• The Iraqi Equation – Tina Kesting

    Date posted: July 5, 2006 Author: jolanta
    Since the 1950s, the Arab–especially Iraqi–culture is a culture of exile, a culture of increasing diaspora, and a culture of suppressed artistic life.

    The Iraqi Equation

    Tina Kesting

    Claudia Zanfi and Gianmaria Conti, Mobile Book Shop, Bagdhad, 2002. Courtesy of aMAZElab

    Claudia Zanfi and Gianmaria Conti, Mobile Book Shop, Bagdhad, 2002. Courtesy of aMAZElab

    Since the 1950s, the Arab–especially Iraqi–culture is a culture of exile, a culture of increasing diaspora, and a culture of suppressed artistic life. News and images from Iraq since the beginning of the Gulf War arrive in our Western countries in extremely simplified forms. They portray the very complex political, cultural and social situation as we are allowed to view it, although not exactly as it appears in reality. The censored images do not show what kind of poverty families have to live in.
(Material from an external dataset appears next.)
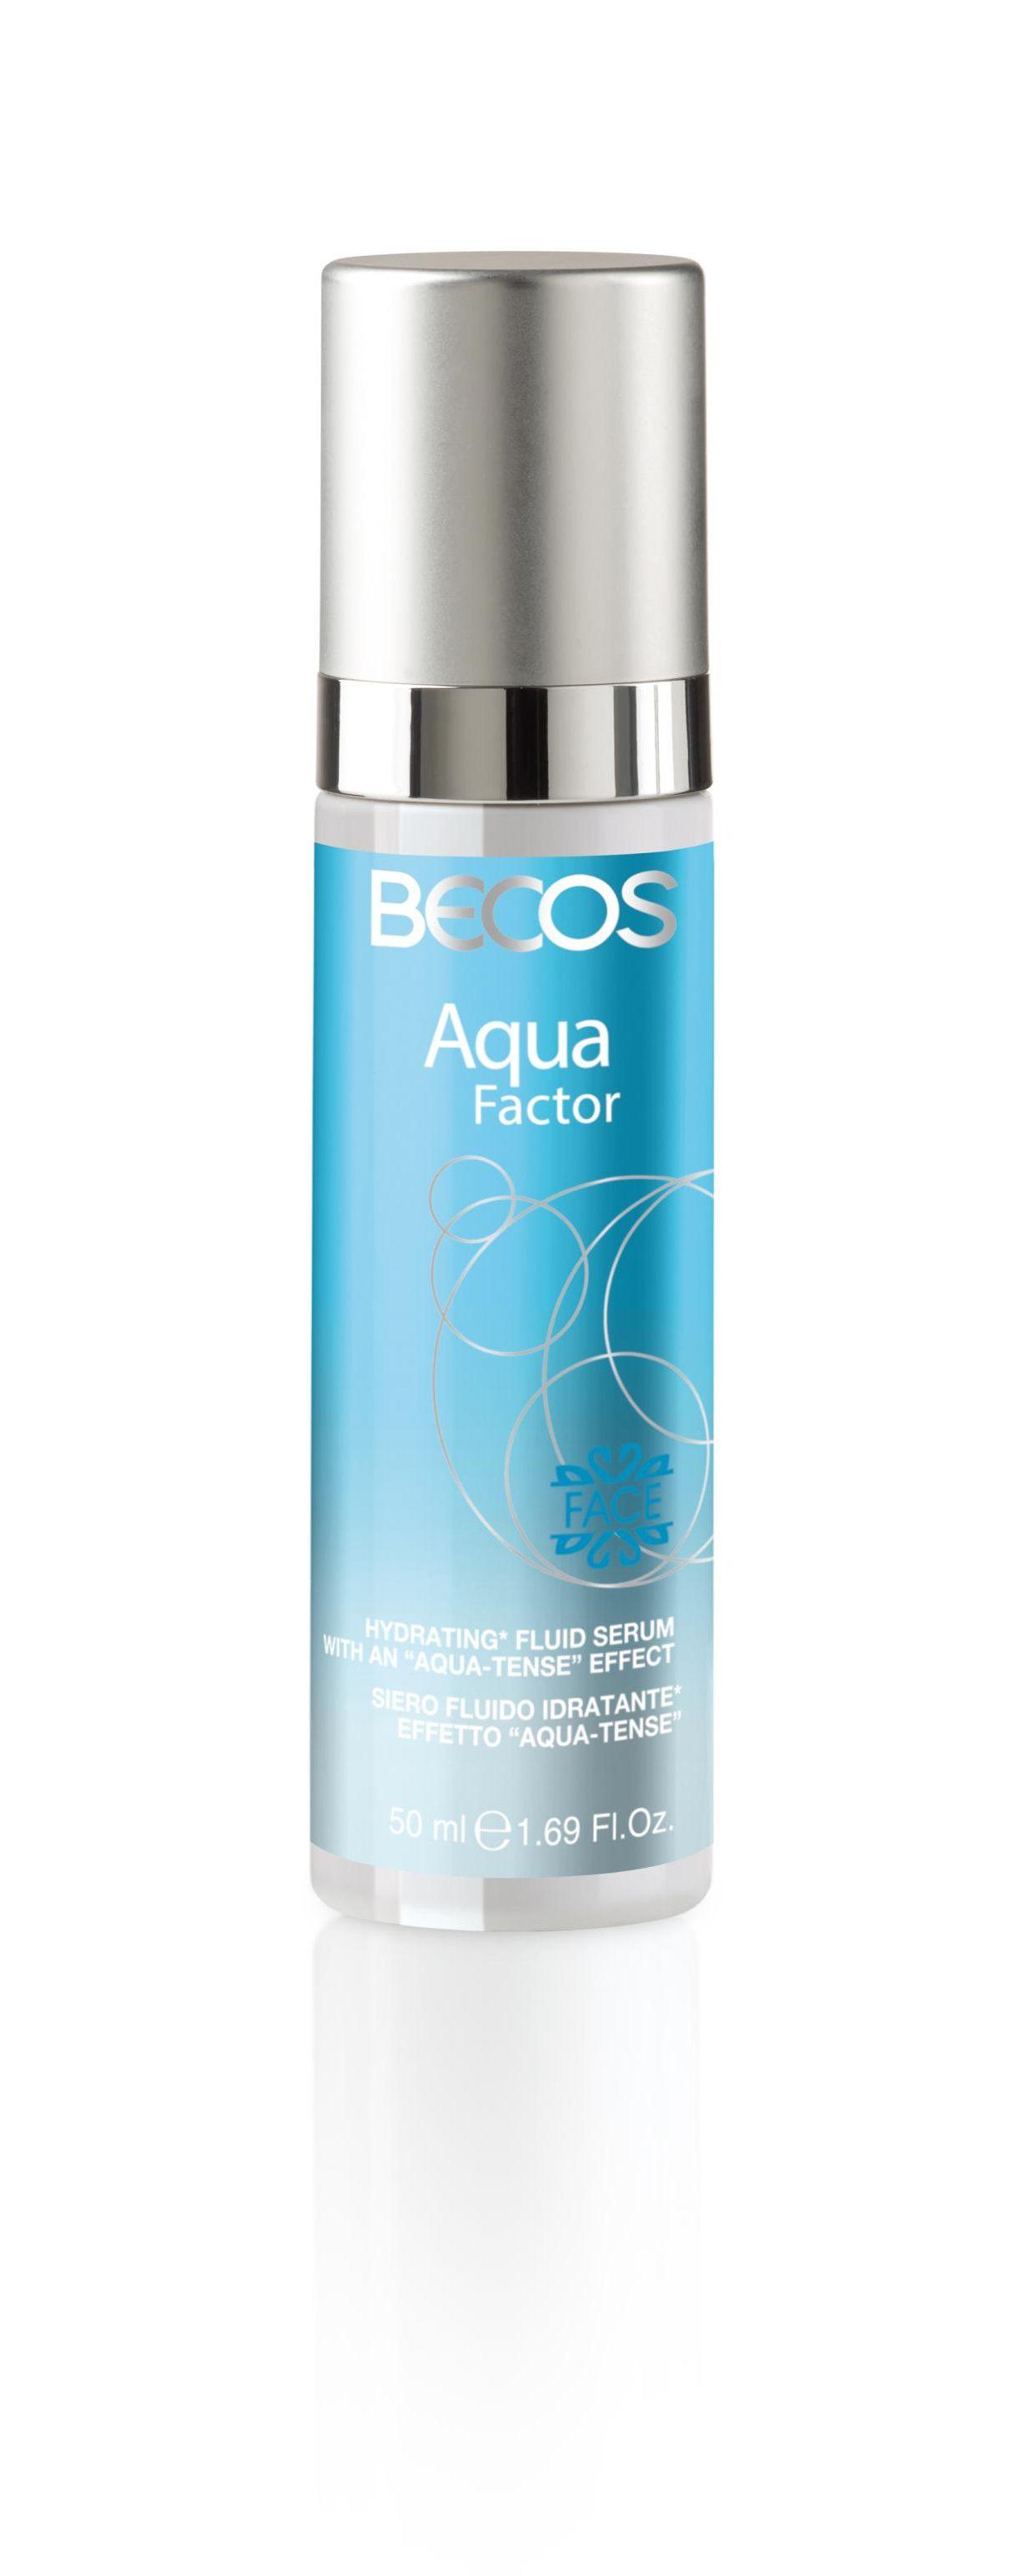 Il siero idratante effetto aqua tense della linea Aqua Factor by Bacos

They do not portray killing scenes, sickness and brutalities. Women and children, especially, have to handle unbearable problems and can hardly manage their difficult lives.

    Artists have not ignored the cruel conditions in which the Iraqi people have to live. Throughout the exhibition "Contemporary Arab Representations: the Iraqi Equation," 22 artists present an unusually realistic portrait of the Iraqi culture marked by troubles. Using documentary films, features, video portraits, photography, books and magazines, as well as several lectures and debates, these artists gather to underline many aspects of crisis.
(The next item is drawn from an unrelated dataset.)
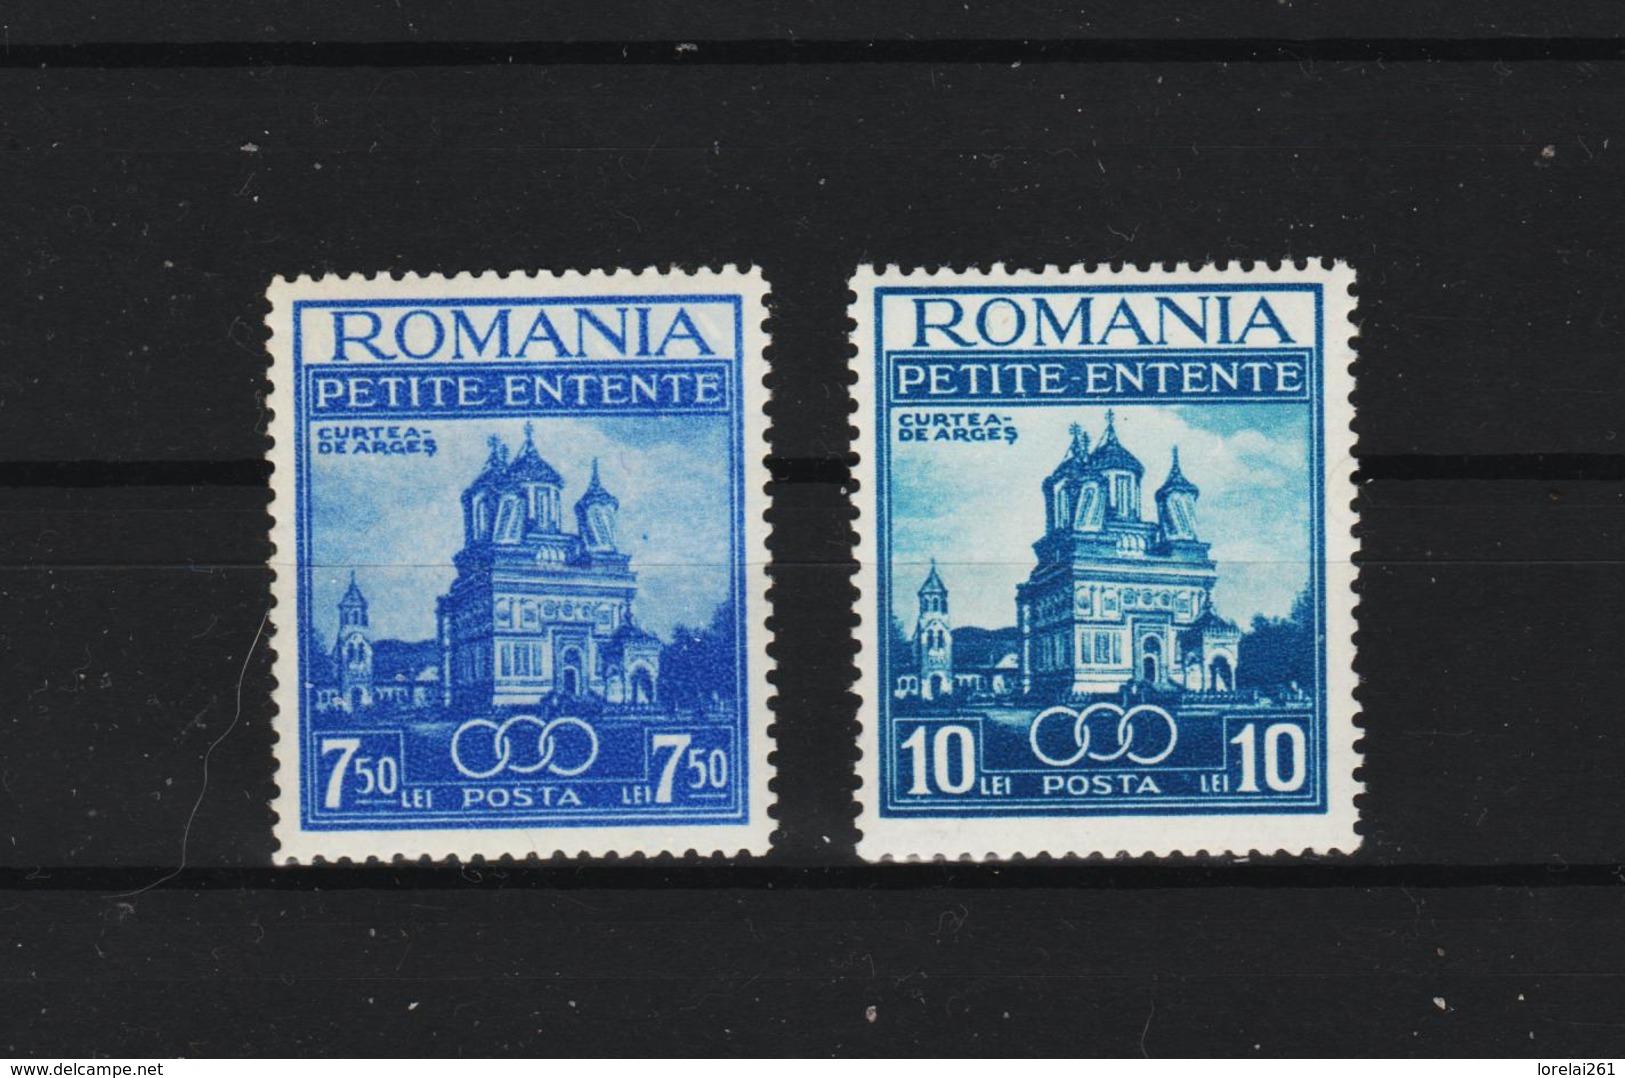 1937 - Petite Entente Mi No 536/537  MNH - Ungebraucht

    "Contemporary Arab Representations. The Iraqi Equation" is an internationally established and working platform that offers artists, writers, directors, poets, photographers, experts and critics the possibility to present their view about the actual political and social situation in Iraq. The "Iraqi Equation" is curated by Catherine David, of "documenta X" fame.

    The exhibition, which runs through February 2006 at KW Institute for Contemporary Art in Berlin, is the continuation of the first station of this platform, a conference at Universidad Internacional de Andalucía-UNIA arteypensamiento in November 2005. The exhibit presents works that are ironic and realistic, comic and reflective, provoking us to think about the politically disastrous situation in Iraq in a critical way, as well as nudging us to reflect on our own life and great fortune.

    From April through July 2006 the exhibition will move back to Spain and will be shown at Fundacio Antoni Tápies, Barcelona.